Все это, конечно, верно, но виновата в этом не я.
10 февраля 48.
Галя догоняет класс. Зубрит историю, географию и прочее.
— Мама, за что Екатерина вторая убила своего мужа?
— Ммм… потому что он был неумный и слабосильный, — не очень вразумительно отвечает мама, занятая очередной статьей в «Комсомольскую правду».
— А как бы ты поступила на ее месте? Так же, наверное?
Тут уж я бросаю статью:
— Неужели, — говорю я, — ты считаешь меня способной убить человека только за то, что он неумный?
После длительной паузы Галя произносит:
— Да, конечно, если бы ты способна была убивать неумных и слабосильных, ты давно бы убила меня…
Мы обе смеемся. Но я чувствую, что отвечала не так, не то и вообще нелепо. Но пускаться с Галей в длинные разговоры просто опасно: того и гляди — увязнешь.
Галя продолжает зубрить историю.
— Как же так, — в полном недоумении восклицает она, — «буржуазия, опираясь на революционный народ…» — как может буржуазия опираться на революционный народ?!
Или, в ответ на мои слова «Суворов был не только великий полководец, но и замечательный человек»:
— Да, замечательный, а восставших поляков подавлял. Как же так?
А я и сама не знаю — как. Или вот — дала я Гале читать «Петра I», переделанного [А. Н.] Толстым для детей. Она читает, и изумление ее не имеет границ:
— Как же, как же так? — почти вопит она. — Как же в учебнике написано и ты говоришь: «Петр — великий», «Петр — отважный», «Петр — смелый, мужественный», а ты знаешь, что он сделал, когда стрельцы восстали? Он сбежал! Он так поспешно бежал, что слуги помчались за ним с криком: «Ваше величество, Ваше величество, как же вы без портков-то? Портки-то возьмите!» Понимаешь, так струсил, что убежал без штанов! А ты говоришь — великий!
17 февраля 48.
Сегодня встретила Сашу. При виде меня она завопила: «Ура!!!» (Пробыла в отъезде месяц и 6 дней). Привезла с собой четыре новых туалета и очень кичится этим.
— Галя, — говорю я. — Вот послушай, что было: ученицы пятого класса узнали, что одна из их подруг очень нуждается. У нее не было ни обуви, ни теплой шапки. Вот они собрались, скопили денег, купили шапку и преподнесли девочке на сборе отряда. Как, по-твоему, правильно они поступили?

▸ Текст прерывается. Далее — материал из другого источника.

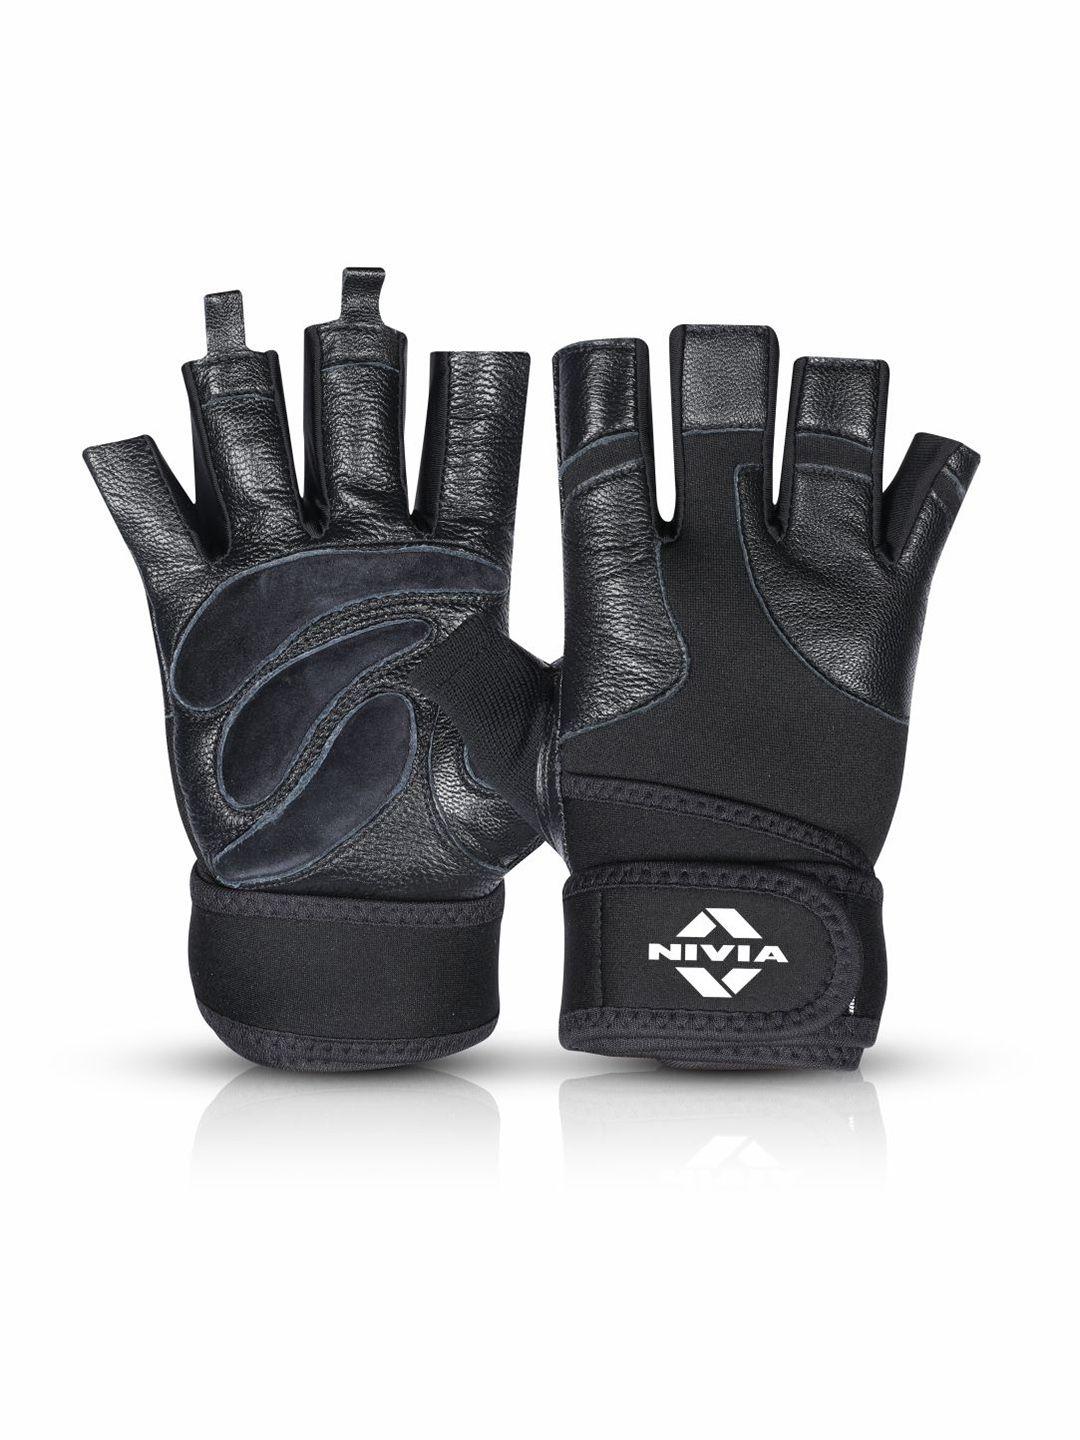 nivia wrist grip genuine leather gym gloves

— Нет, — отвечает Галя, не задумываясь. — Они должны были отдать ей в одиночку, потихоньку, а не на сборе.
В больнице, куда Эдду положили на исследование, сосед ее, мальчик, нарисовал ей в альбоме сердце, пронзенное стрелой. Она сообщила Норе по этому поводу: «Один мальчик нарисовал мне какую-то репу с палкой».
Макс Жуков, попав с родителями в ЗАГС и увидев пальмы: «Мама, это Африка?»
27 февраля 48.
Пришла к нам вчера новая няня, Шура, немыслимо говорливое и общительное существо. У нее, как у солдата Швейка, на каждый случай есть своя история. Истории все какие-то неинтересные, нелюбопытные, но нескончаемые: слушаешь, слушаешь — и не видишь конца:
— А вот прихожу я в аптеку — вы только послушайте, и говорю: дайте, говорю, пожалуйста, лекарство. А мужчина, такой интеллигентный с виду, говорит: а кому вам лекарство? А я говорю: девочке, ребенку. А он говорит: а сколько девочке лет? «Десять, — говорю, — или, может, одиннадцать, я, говорю, у них недавно живу, не знаю точно — десять или одиннадцать, но, вернее всего, я так думаю, десять с половиною». Он и дал мне лекарство. Выхожу я, смотрю: в булочную очередь. «Что дают?» — спрашиваю. А мне говорят: «Батоны». «А, что, — говорю, — по четыре сорок, или по шесть?» Ах, думаю, по шесть, надо взять — и вы только послушайте, вспоминаю: денег-то я с собой не взяла, нет, вы только послушайте, стою и думаю: что же делать?..
Саша:
— Кто такой гигант?
— Очень большой человек.
Но отделаться этим нельзя:
«А гигант может поместиться в нашей комнате? А если станет на четвереньки? А во сколько раз Дюймовочка меньше гиганта? А во сколько раз гигант больше меня? А гиганты ходят в одежде или голые? А что гиганты кушают? Они добрые или нет? А может один гигант убить всех немцев?»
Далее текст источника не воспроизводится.